Supplied records.
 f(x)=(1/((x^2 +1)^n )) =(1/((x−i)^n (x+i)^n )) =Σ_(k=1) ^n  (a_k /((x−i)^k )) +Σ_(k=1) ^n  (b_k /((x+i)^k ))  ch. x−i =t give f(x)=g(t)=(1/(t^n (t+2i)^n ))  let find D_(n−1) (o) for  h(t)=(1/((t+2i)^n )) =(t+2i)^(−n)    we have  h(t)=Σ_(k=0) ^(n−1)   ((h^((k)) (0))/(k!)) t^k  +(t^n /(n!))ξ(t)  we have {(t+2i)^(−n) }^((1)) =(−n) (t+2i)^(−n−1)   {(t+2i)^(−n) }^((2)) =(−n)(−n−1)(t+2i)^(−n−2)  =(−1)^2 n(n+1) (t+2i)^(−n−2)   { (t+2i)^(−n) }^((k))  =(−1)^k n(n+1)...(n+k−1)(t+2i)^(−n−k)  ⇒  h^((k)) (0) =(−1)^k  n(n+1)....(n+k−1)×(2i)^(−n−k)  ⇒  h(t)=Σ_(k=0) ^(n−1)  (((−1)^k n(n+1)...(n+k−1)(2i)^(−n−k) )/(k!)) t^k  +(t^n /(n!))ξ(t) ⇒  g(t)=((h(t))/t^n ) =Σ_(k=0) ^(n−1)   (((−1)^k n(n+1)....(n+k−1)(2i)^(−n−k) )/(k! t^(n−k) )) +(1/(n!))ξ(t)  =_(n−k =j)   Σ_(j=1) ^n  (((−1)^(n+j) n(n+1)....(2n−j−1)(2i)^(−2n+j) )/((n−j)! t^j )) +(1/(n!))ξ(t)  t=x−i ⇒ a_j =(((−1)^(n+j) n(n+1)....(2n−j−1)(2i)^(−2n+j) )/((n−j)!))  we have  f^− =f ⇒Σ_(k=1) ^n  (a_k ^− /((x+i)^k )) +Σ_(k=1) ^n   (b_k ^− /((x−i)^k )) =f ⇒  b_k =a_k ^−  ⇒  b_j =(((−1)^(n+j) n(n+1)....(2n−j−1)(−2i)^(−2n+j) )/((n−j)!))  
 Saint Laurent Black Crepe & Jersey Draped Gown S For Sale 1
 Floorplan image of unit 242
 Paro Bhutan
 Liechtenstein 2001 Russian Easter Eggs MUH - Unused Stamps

Exercise description.
The whole of the data above must be given again, unaltered and complete.

Response for this exercise.
 f(x)=(1/((x^2 +1)^n )) =(1/((x−i)^n (x+i)^n )) =Σ_(k=1) ^n  (a_k /((x−i)^k )) +Σ_(k=1) ^n  (b_k /((x+i)^k ))  ch. x−i =t give f(x)=g(t)=(1/(t^n (t+2i)^n ))  let find D_(n−1) (o) for  h(t)=(1/((t+2i)^n )) =(t+2i)^(−n)    we have  h(t)=Σ_(k=0) ^(n−1)   ((h^((k)) (0))/(k!)) t^k  +(t^n /(n!))ξ(t)  we have {(t+2i)^(−n) }^((1)) =(−n) (t+2i)^(−n−1)   {(t+2i)^(−n) }^((2)) =(−n)(−n−1)(t+2i)^(−n−2)  =(−1)^2 n(n+1) (t+2i)^(−n−2)   { (t+2i)^(−n) }^((k))  =(−1)^k n(n+1)...(n+k−1)(t+2i)^(−n−k)  ⇒  h^((k)) (0) =(−1)^k  n(n+1)....(n+k−1)×(2i)^(−n−k)  ⇒  h(t)=Σ_(k=0) ^(n−1)  (((−1)^k n(n+1)...(n+k−1)(2i)^(−n−k) )/(k!)) t^k  +(t^n /(n!))ξ(t) ⇒  g(t)=((h(t))/t^n ) =Σ_(k=0) ^(n−1)   (((−1)^k n(n+1)....(n+k−1)(2i)^(−n−k) )/(k! t^(n−k) )) +(1/(n!))ξ(t)  =_(n−k =j)   Σ_(j=1) ^n  (((−1)^(n+j) n(n+1)....(2n−j−1)(2i)^(−2n+j) )/((n−j)! t^j )) +(1/(n!))ξ(t)  t=x−i ⇒ a_j =(((−1)^(n+j) n(n+1)....(2n−j−1)(2i)^(−2n+j) )/((n−j)!))  we have  f^− =f ⇒Σ_(k=1) ^n  (a_k ^− /((x+i)^k )) +Σ_(k=1) ^n   (b_k ^− /((x−i)^k )) =f ⇒  b_k =a_k ^−  ⇒  b_j =(((−1)^(n+j) n(n+1)....(2n−j−1)(−2i)^(−2n+j) )/((n−j)!))  
 Saint Laurent Black Crepe & Jersey Draped Gown S For Sale 1
 Floorplan image of unit 242
 Paro Bhutan
 Liechtenstein 2001 Russian Easter Eggs MUH - Unused Stamps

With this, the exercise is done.